MOTIFS DE LA DECISION
A titre liminaire, il convient de constater que la décision contestée ne porte pas sur l'AAEH, mais uniquement sur l'aide humaine. Or, outre que les conditions médicales ne sont pas réunies selon le médecin consultant, il n'est justifié d'aucun recours préalable sur ce point.
La demande au titre de l'AEEH est en conséquence irrecevable.
Sur l’aide humaine
Aux termes de l’article D. 351-16-1 du code de l’éducation, « l’aide individuelle et l’aide mutualisée mentionnées à l’article L. 351-3 constituent deux modalités de l’aide humaine susceptible d’être accordée aux élèves handicapés. Un même élève ne peut se voir attribuer simultanément une aide mutualisée et une aide individuelle. Ces aides sont attribuées par la commission mentionnée à l’article L. 146-9 du code de l’action sociale et des familles et intégrées dans le plan personnalisé de compensation du handicap mentionné à l’article L. 146-8 du même code. La commission se prononce sur la base d’une évaluation de la situation scolaire de l’élève handicapé, en prenant en compte notamment son environnement scolaire, la durée du temps de scolarisation, la nature des activités à accomplir par l’accompagnant, la nécessité que l’accompagnement soit effectué par une même personne identifiée, les besoins de modulation et d’adaptation de l’aide et sa durée ».
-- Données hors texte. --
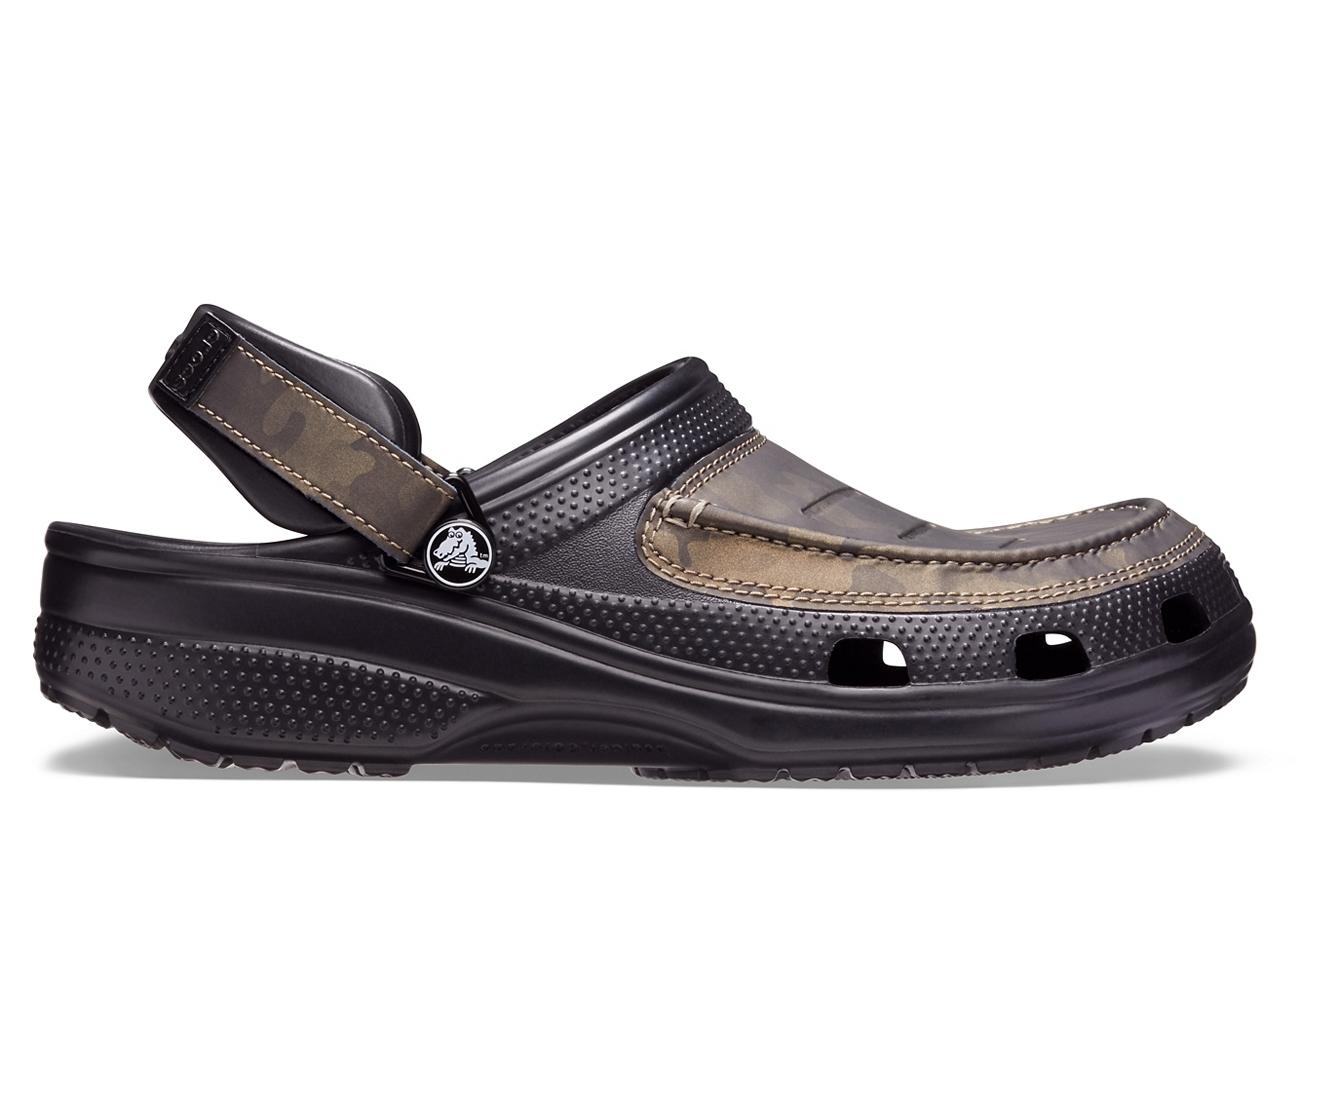 Crocs™ Yukon Vista Camo Clog in Black/Camo (Black) for Men - Lyst

Les articles D. 351-16-2 et 351-16-3 du même code prévoient que « l’aide mutualisée est destinée à répondre aux besoins d’accompagnement d’élèves qui ne requièrent pas une attention soutenue et continue » et que « l’aide mutualisée accordée à un élève lui est apportée par un assistant d’éducation recruté dans les conditions fixées au premier alinéa de l’article L. 916-1. Cet assistant d’éducation peut être chargé d’apporter une aide mutualisée à plusieurs élèves handicapés simultanément ».
En application de l’article D. 351-16-4 du code précité, « l’aide individuelle a pour objet de répondre aux besoins d’élèves qui requièrent une attention soutenue et continue, sans que la personne qui apporte l’aide puisse concomitamment apporter son aide à un autre élève handicapé. Elle est accordée lorsque l’aide mutualisée ne permet pas de répondre aux besoins d’accompagnement de l’élève handicapé. Lorsqu’elle accorde une aide individuelle, dont elle détermine la quotité horaire, la commission susmentionnée définit les activités principales de l’accompagnant ».
En l’espèce, il résulte des pièces médicales, en particulier le compte-rendu du docteur [Y] du 21 novembre 2023 et le bilan psychomoteur de Mme [G] [K], que toutes les dimensions explorées sur le plan attentionnel et exécutif sont perturbées, ce qui nécessite un traitement par Quasym 10, et que des aménagements scolaires et l'accompagnement d'une AVS paraissent essentiels pour accompagner le mineur à valoriser son attention et trouver des ajustements.
Au regard de ces éléments et de l’avis du médecin consultant, dont le tribunal s’approprie les termes, il est démontré la nécessité d’un accompagnement pour le mineur dans sa scolarité au regard du handicap.
Il sera donc fait droit à la demande d’aide sous la forme mutualisée, en l’absence de nécessité d’un suivi soutenu et continu, pour une durée d'un an.
Sur les mesures accessoires
Partie perdante, la MDPH de l’Ain sera condamnée aux dépens.
Par application des dispositions des articles 515 du code de procédure civile et R. 142-10-6 du code de la sécurité sociale, il y a lieu d’ordonner l’exécution provisoire, compatible avec la nature de l’affaire.
PAR CES MOTIFS
Le tribunal judiciaire de Bourg-en-Bresse, statuant publiquement, par jugement réputé contradictoire et en premier ressort,
Dit que la demande au titre de l’allocation d’éducation de l’enfant handicapé est irrecevable ;
Dit que les difficultés engendrées par l’état de santé d'[W] [U] justifient l’attribution d’une aide humaine mutualisée pour l'année scolaire 2024-2025 ;
Condamne la MDPH de l’Ain aux dépens ;
Ordonne l’exécution provisoire.
Ainsi jugé et mis à disposition au greffe du tribunal le 26 août 2024, et signé par le président et la greffière.